Tab order, focus traps

Screen Reader

NVDA, JAWS, VoiceOver

Browser Extensions

WAVE, axe DevTools

~57% of issues

Automated

~43% of issues

Manual + User Testing

Accessibility testing workflow: automated tools catch structural issues early; manual testing catches semantic and experiential issues that require human judgment

Accessibility testing requires a layered approach because different issue categories require different detection methods:

Testing LayerWhat It CatchesCoverage
Static analysis (eslint-plugin-jsx-a11y)Missing alt attributes, invalid ARIA, semantic violations in JSX~15% of criteria, development-time
Runtime automation (axe-core, Pa11y)Contrast ratios, duplicate IDs, missing labels, ARIA state validity~35% of WCAG criteria reliably
Manual testing (keyboard, screen readers)Focus order logic, content meaning, navigation consistency~42% of criteria—non-automatable

Why automation alone fails: WCAG 2.2’s 86 success criteria include subjective requirements—whether alt text accurately describes an image, whether error messages provide helpful guidance, whether focus order is logically intuitive. Tools can detect presence of alt text but cannot evaluate its correctness.

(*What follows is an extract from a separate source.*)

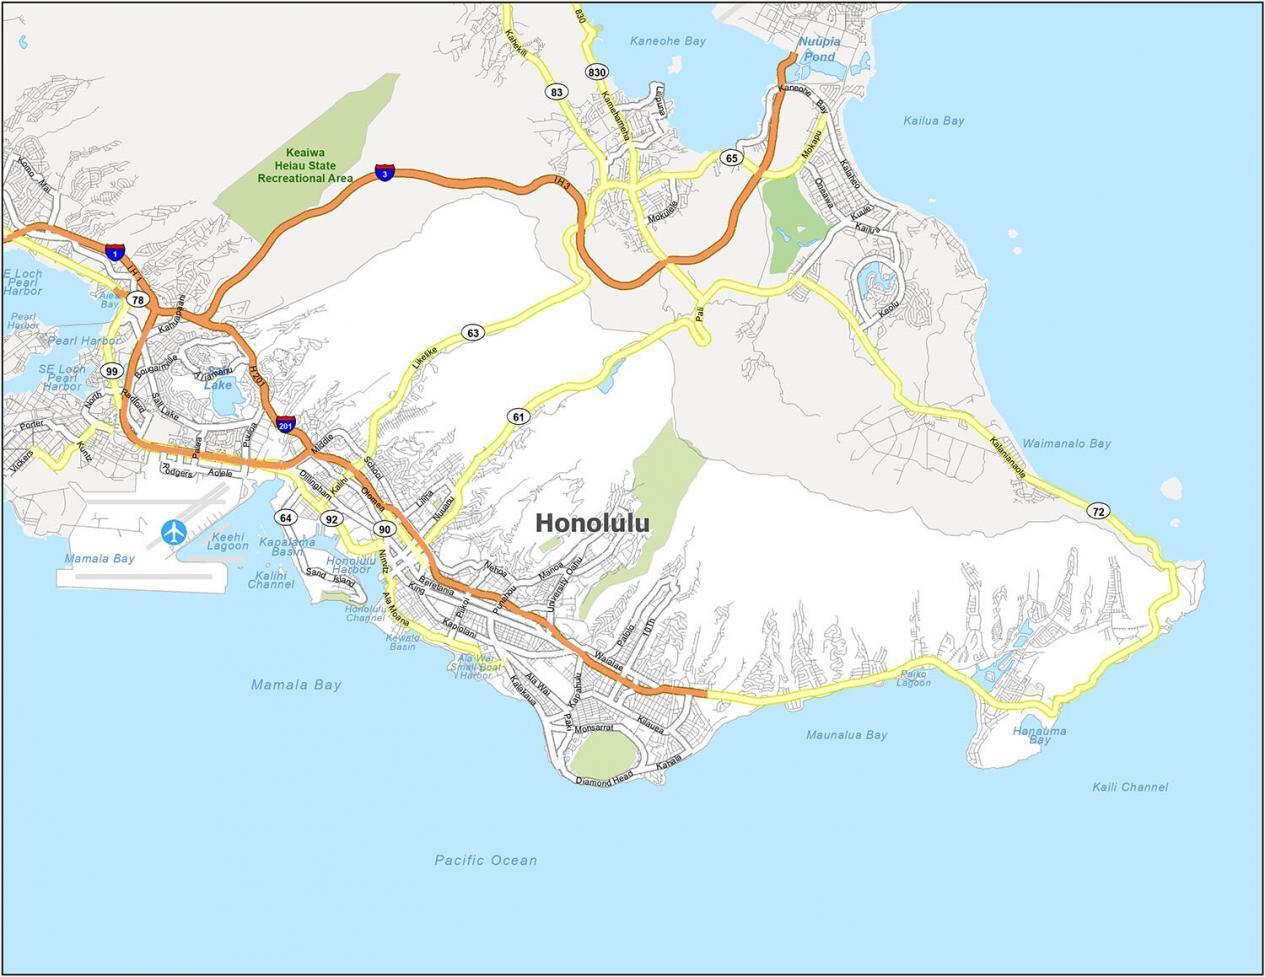 Honolulu Road Map
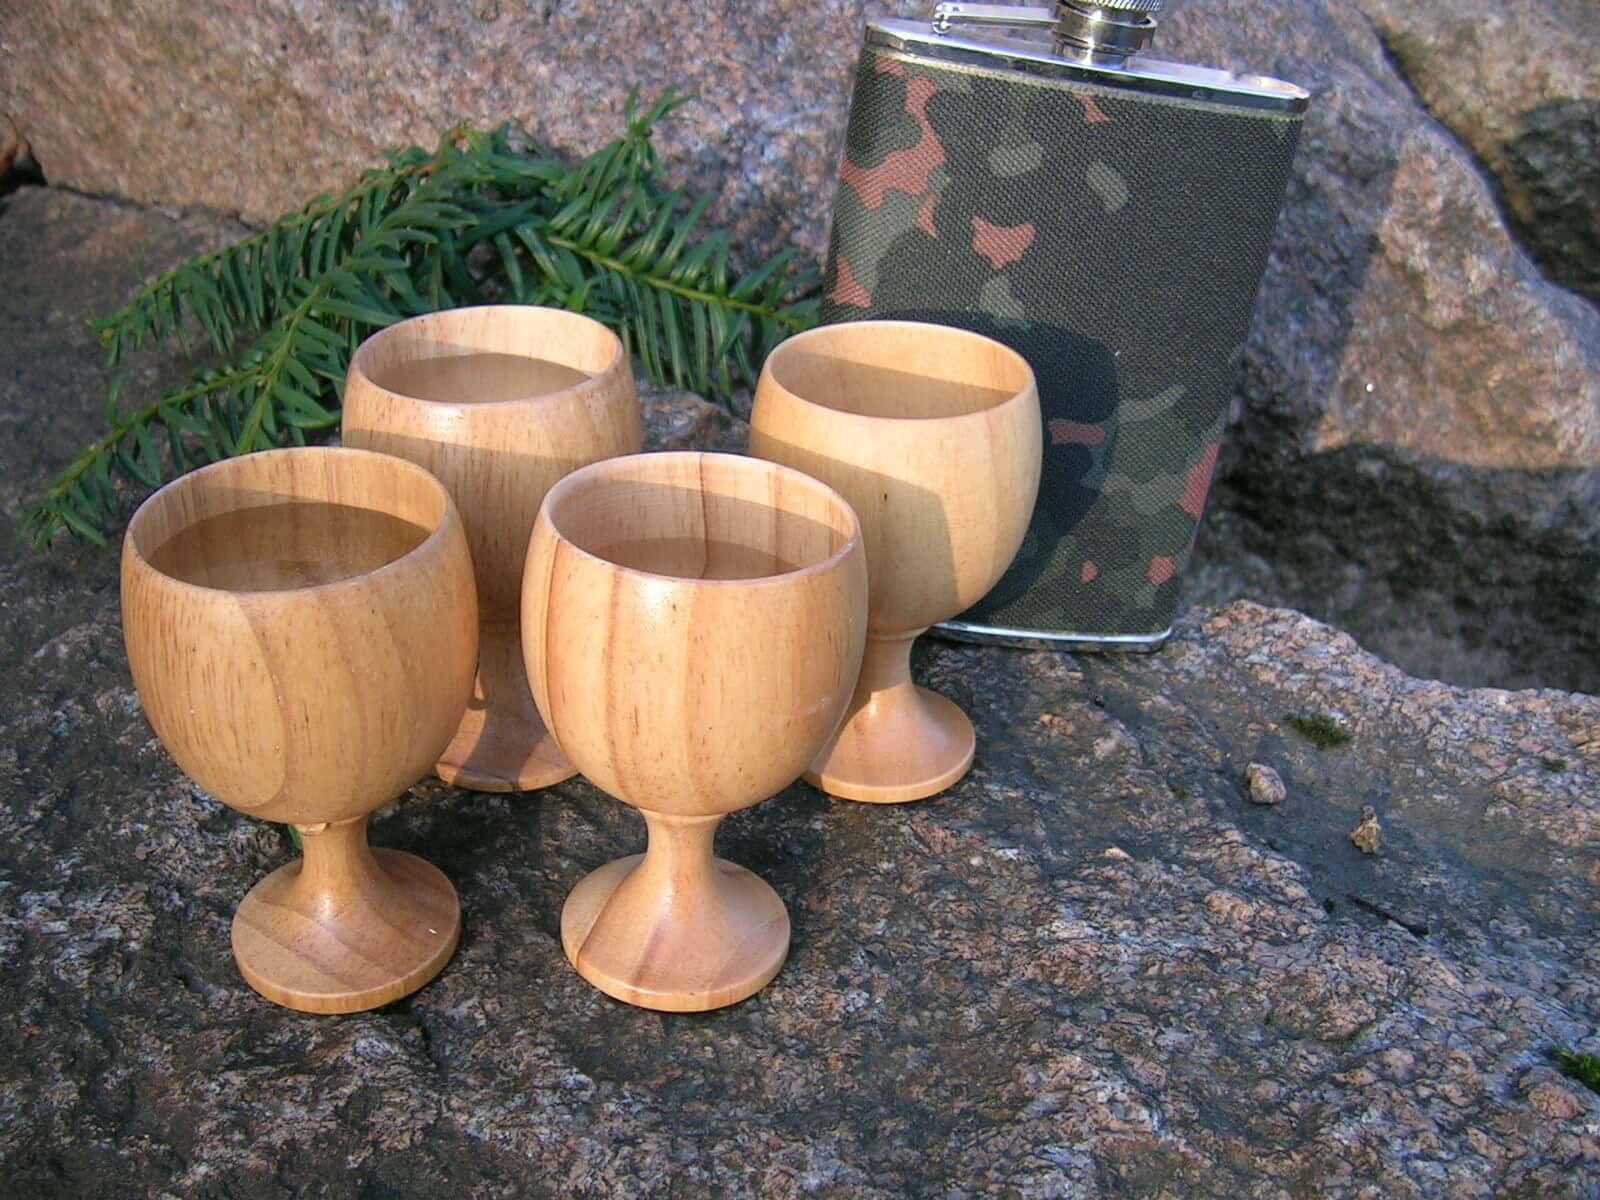 Bilde av 4 stk drammeglass i tre på stett

Tool selection principle: axe-core dominates because of its conservative rule engineering (minimizes false positives), making it safe for CI/CD gates. Pa11y adds HTML CodeSniffer’s distinct rule set for broader coverage. WAVE and Lighthouse serve quick audits but lack the rigor for compliance verification.

Testing workflow design:

  1. Shift-left: eslint-plugin-jsx-a11y catches issues in IDE before code commits
  2. Component/E2E: axe-core integration in Playwright/Cypress catches runtime issues
  3. CI gates: Pa11y-CI fails builds on critical violations
  4. Manual protocol: Keyboard + screen reader testing before each release

The 57% figure from Deque’s study (13,000+ pages, 300,000+ issues) measures issue volume, not criteria count. Some issue types (missing labels, contrast failures) occur frequently—automation catches these reliably. Other criteria (meaningful sequence, focus order) rarely produce automatable signals.

ReliabilityCriteria CountExamplesDetection Confidence
High~13%Color contrast ratios, duplicate IDs, missing form labelsMeasurable technical requirements; minimal false positives
Partial~45%Heading hierarchy, link purpose, error identificationDetect presence but not quality/correctness
None~42%Alt text accuracy, focus order logic, caption timingRequire human judgment

What “high reliability” means: Contrast ratio calculations are objective—4.5:1 for normal text, 3:1 for large text per WCAG 1.4.3. Tools calculate this deterministically. “High reliability” criteria have clear pass/fail thresholds without subjective interpretation.

What “partial” means: A tool can verify a heading exists after content but cannot determine if the heading accurately describes that content. It detects structural presence, not semantic correctness.

What “none” means: “Focus order preserves meaning and operability” (WCAG 2.4.3) requires understanding user intent and page purpose. No algorithm can determine if tab order is “logical” without understanding the content’s meaning.

axe-core’s design philosophy prioritizes zero false positives over maximum coverage. From the axe-core documentation:

“Axe-core is designed to report only issues we’re confident are accessibility issues. We’d rather miss an issue than report a false positive.”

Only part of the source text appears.